Paper Info Reviews Meta-review Author Feedback Post-Rebuttal Meta-reviews

Authors

Yuncheng Jiang, Zixun Zhang, Ruimao Zhang, Guanbin Li, Shuguang Cui, Zhen Li

Abstract

Accurate polyp detection is essential for assisting clinical rectal cancer diagnoses. Colonoscopy videos contain richer information than still images, making them a valuable resource for deep learning methods.However, unlike common fixed-camera video, the camera-moving scene in colonoscopy videos can cause rapid video jitters, leading to unstable training for existing video detection models. In this paper, we propose the YONA (You Only Need one Adjacent Reference-frame) method, an efficient end-to-end training framework for video polyp detection. YONA fully exploits the information of one previous adjacent frame and conducts polyp detection on the current frame without multi-frame collaborations. Specifically, for the foreground, YONA adaptively aligns the current frame’s channel activation patterns with its adjacent reference frame according to their foreground similarity. For the background, YONA conducts background dynamic alignment guided by inter-frame difference to eliminate the invalid features produced by drastic spatial jitters. Moreover, YONA applies cross-frame contrastive learning during training, leveraging the ground truth bounding box to improve the model’s perception of polyp and background.
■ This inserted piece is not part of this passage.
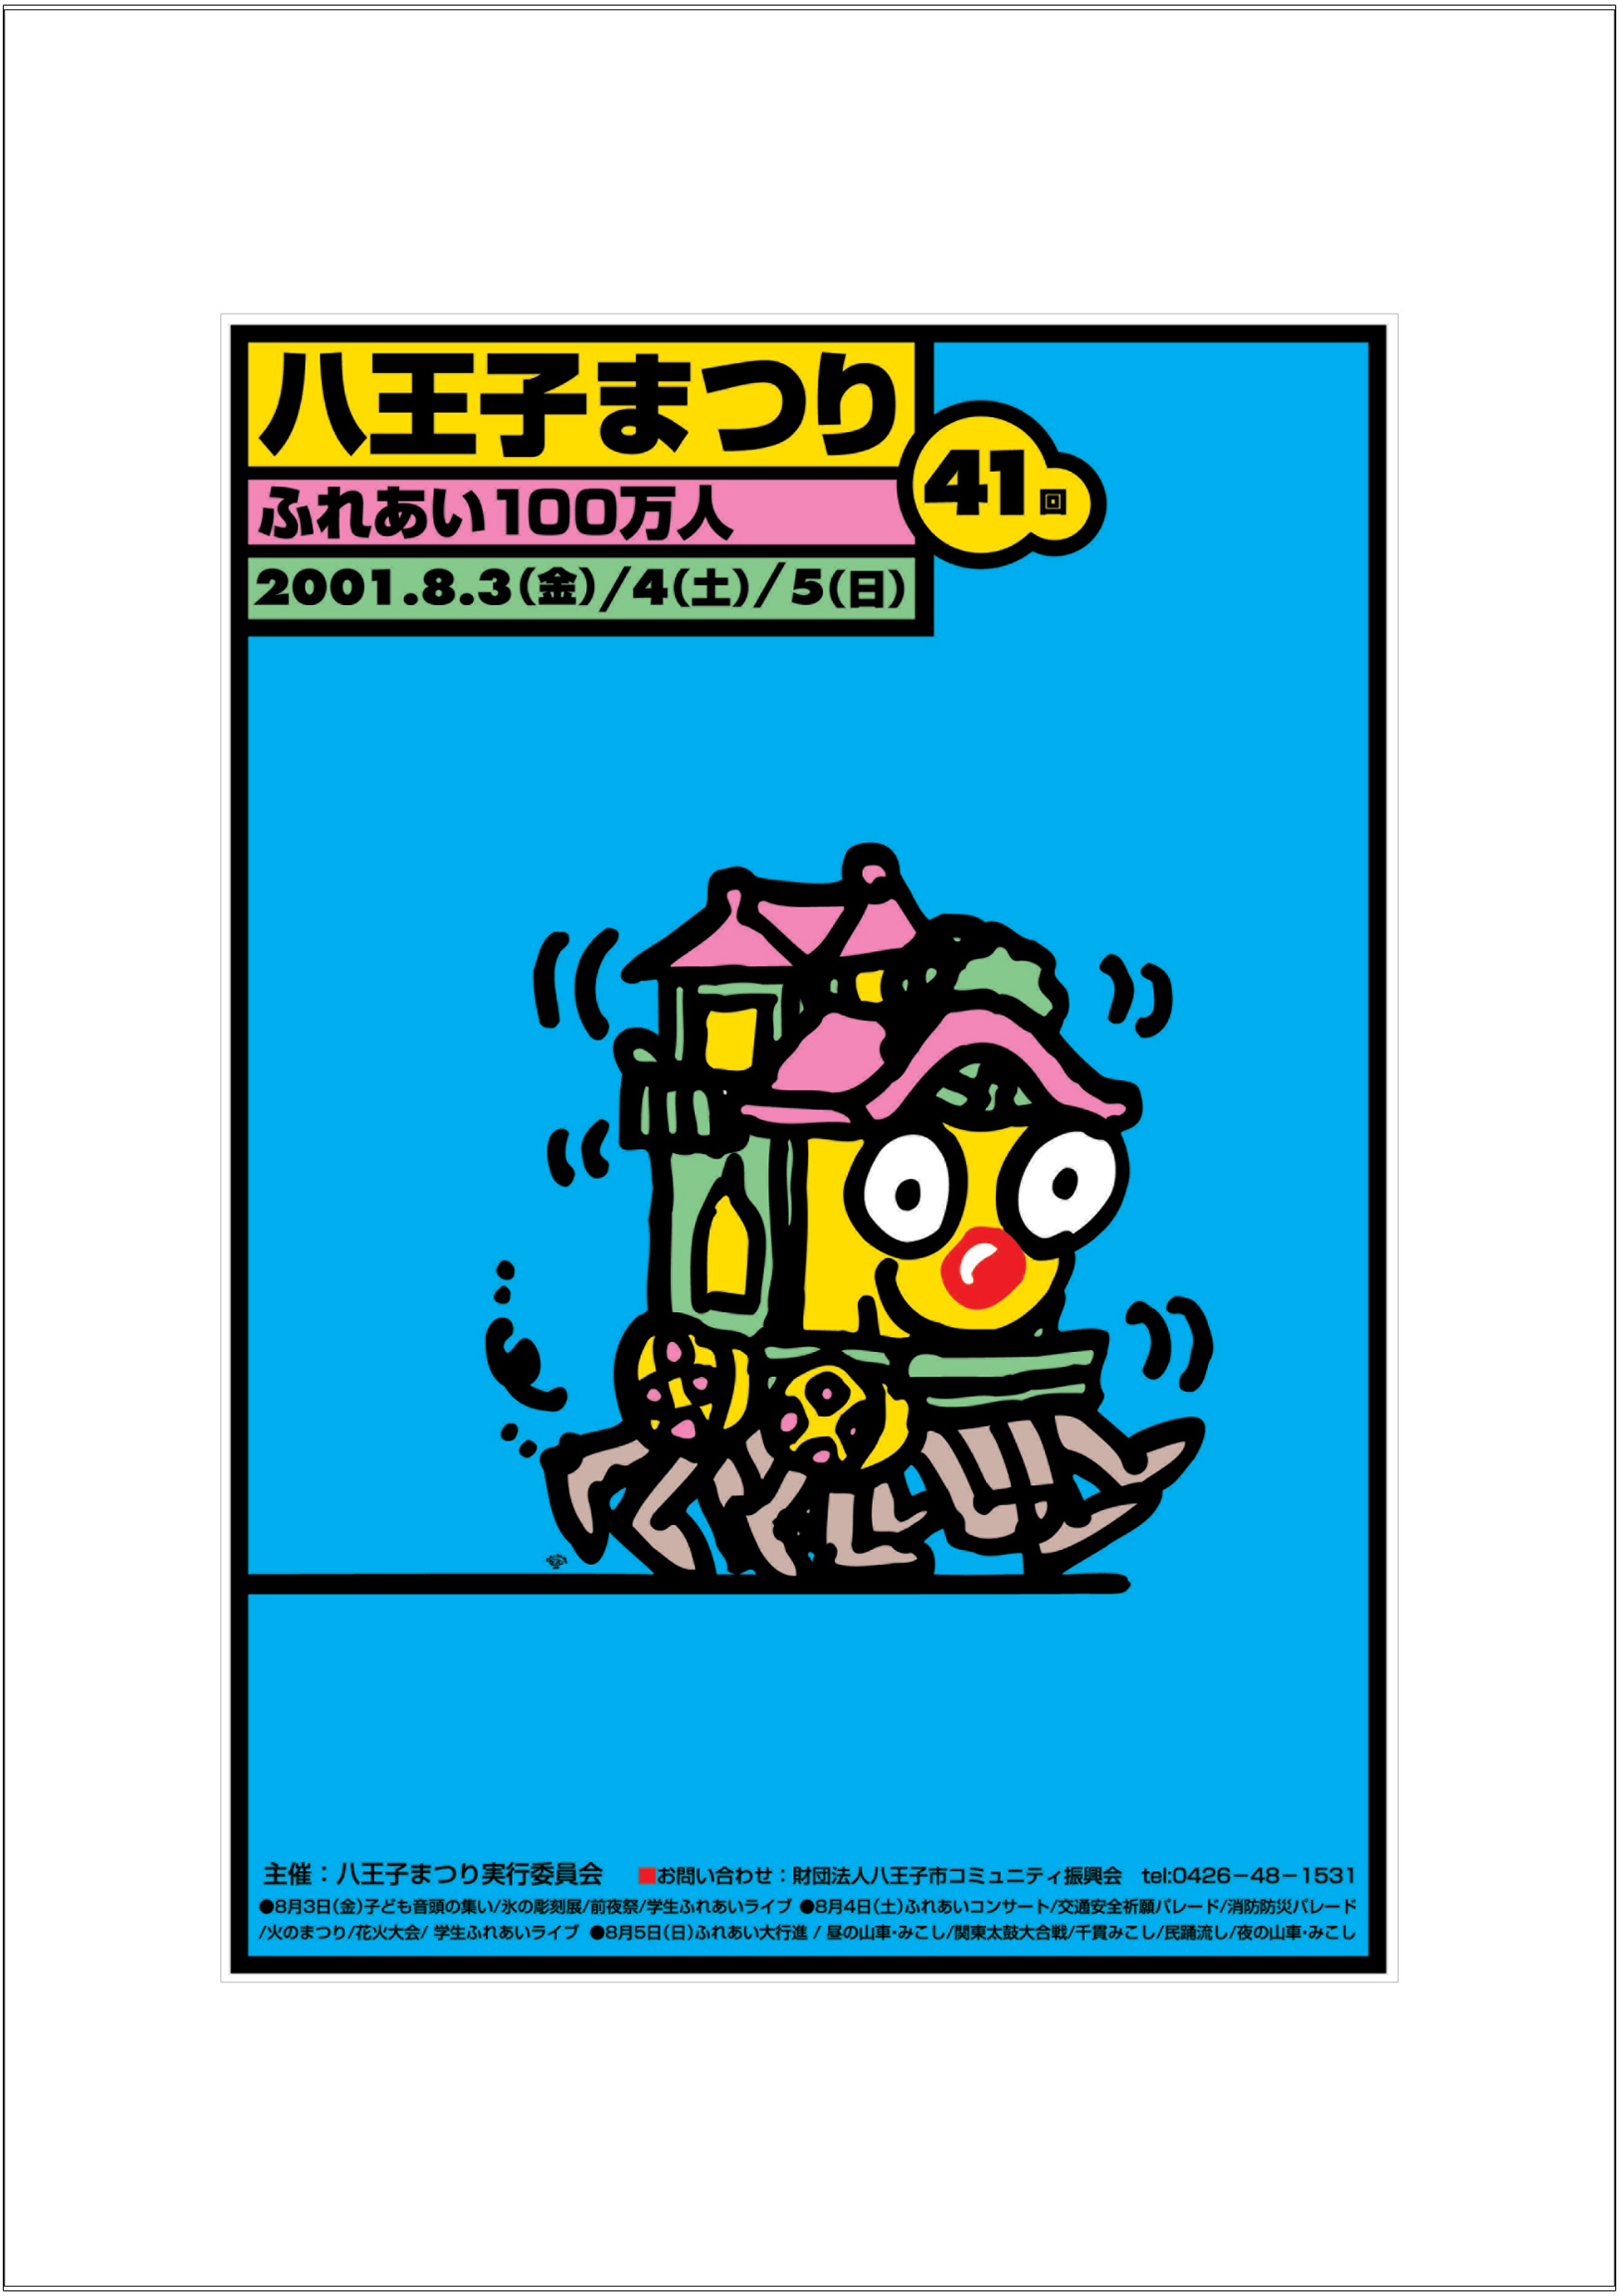 ポスターアーティスト秋山孝が2001年に制作したアートカード「アートカード ポスター 2001 02」

Quantitative and qualitative experiments on three public challenging benchmarks demonstrate that our proposed YONA outperforms previous state-of-the-art competitors by a large margin in both accuracy and speed.

Link to paper

DOI: https://doi.org/10.1007/978-3-031-43904-9_5

SharedIt: https://rdcu.be/dnwGI

Link to the code repository

N/A

Link to the dataset(s)

https://github.com/GewelsJI/VPS/tree/main#3-vps-dataset

https://github.com/dashishi/LDPolypVideo-Benchmark

https://giana.grand-challenge.org/PolypDetection/


Reviews

Review #2

  • Please describe the contribution of the paper

    This paper proposes a polyp detection model that considers only a reference and an anchor frame that overcomes SOTA

  • Please list the main strengths of the paper; you should write about a novel formulation, an original way to use data, demonstration of clinical feasibility, a novel application, a particularly strong evaluation, or anything else that is a strong aspect of this work. Please provide details, for instance, if a method is novel, explain what aspect is novel and why this is interesting.
    • Ablation study confirming that all the components proposed are essential for the task
    • Contrast with other methods and overperforming these on two datasets
    • Qualitative results suggest that the proposed approach overcomes few of the issues seen with other methods by only using two frames
  • Please list the main weaknesses of the paper. Please provide details, for instance, if you think a method is not novel, explain why and provide a reference to prior work.
    • The authors follow the same settings as in CenterNet but clearly that was trained with a different dataset. Ablation studies are required to find lambdas
  • Please rate the clarity and organization of this paper

    Very Good

  • Please comment on the reproducibility of the paper. Note, that authors have filled out a reproducibility checklist upon submission. Please be aware that authors are not required to meet all criteria on the checklist - for instance, providing code and data is a plus, but not a requirement for acceptance

    Yes the authors will make aspects of their code and details available on acceptance

  • Please provide detailed and constructive comments for the authors. Please also refer to our Reviewer’s guide on what makes a good review: https://conferences.miccai.org/2023/en/REVIEWER-GUIDELINES.html
    • Even when Fig. 1b shows the effect of the number of frames on accuracy, these differences is minimal, i.e. from .68 for 1 frame decreasing perhaps to 0.675 for 21 frames. Therefore the conjecture that the authors use as argument for taking into account onle one reference frame is not that strong
    • The manuscript assumes the reader has good knowledge about CenterNet. Therefore the manuscript might benefit from a brief introduction on how this method works before introducing the authors their proposed model.
    • Please specify what are the inputs and ground truth available for completeness.
    • Make sure all introduced variables and that the multiscale features and up-sampling are shown/illustrated in the pipeline in Fig 2.
    • It is unclear how the alignment of channel activation patterns on intermediate features is achieved, please clarify.
    • What do the authors refer to “occluded or distorted foreground context” in Sec 2.1?
    • Even though FTA is compared against channel-wise and channel-aware attention via the ablation study, channel attention mechanism is part of FTA as per Sec 2.1
    • It is unclear what happens when detected boxes of reference frames are not validated (i.e. below 0.6)
    • According to Fig. 2 F* results from the multiplication of the dynamic field by the enhanced anchor feature F~ but that is not reflective of Eq 5 -Lambdas are not defined in Fig 2

    List of minor problems

    • Considering too many frames rather than collaborating too many frames
    • In Sec 2.1: isn’t reference greater than 1 rather than 3?
    • Fig 2: isn’t the backbone an encoder only extracting features?
    • When defining the features, please define N, T, C, H, and W, but mainly the first two. There is also an inconsistency of these in Sec 2.1 and 2.3
  • Rate the paper on a scale of 1-8, 8 being the strongest (8-5: accept; 4-1: reject). Spreading the score helps create a distribution for decision-making

    6

  • Please justify your recommendation. What were the major factors that led you to your overall score for this paper?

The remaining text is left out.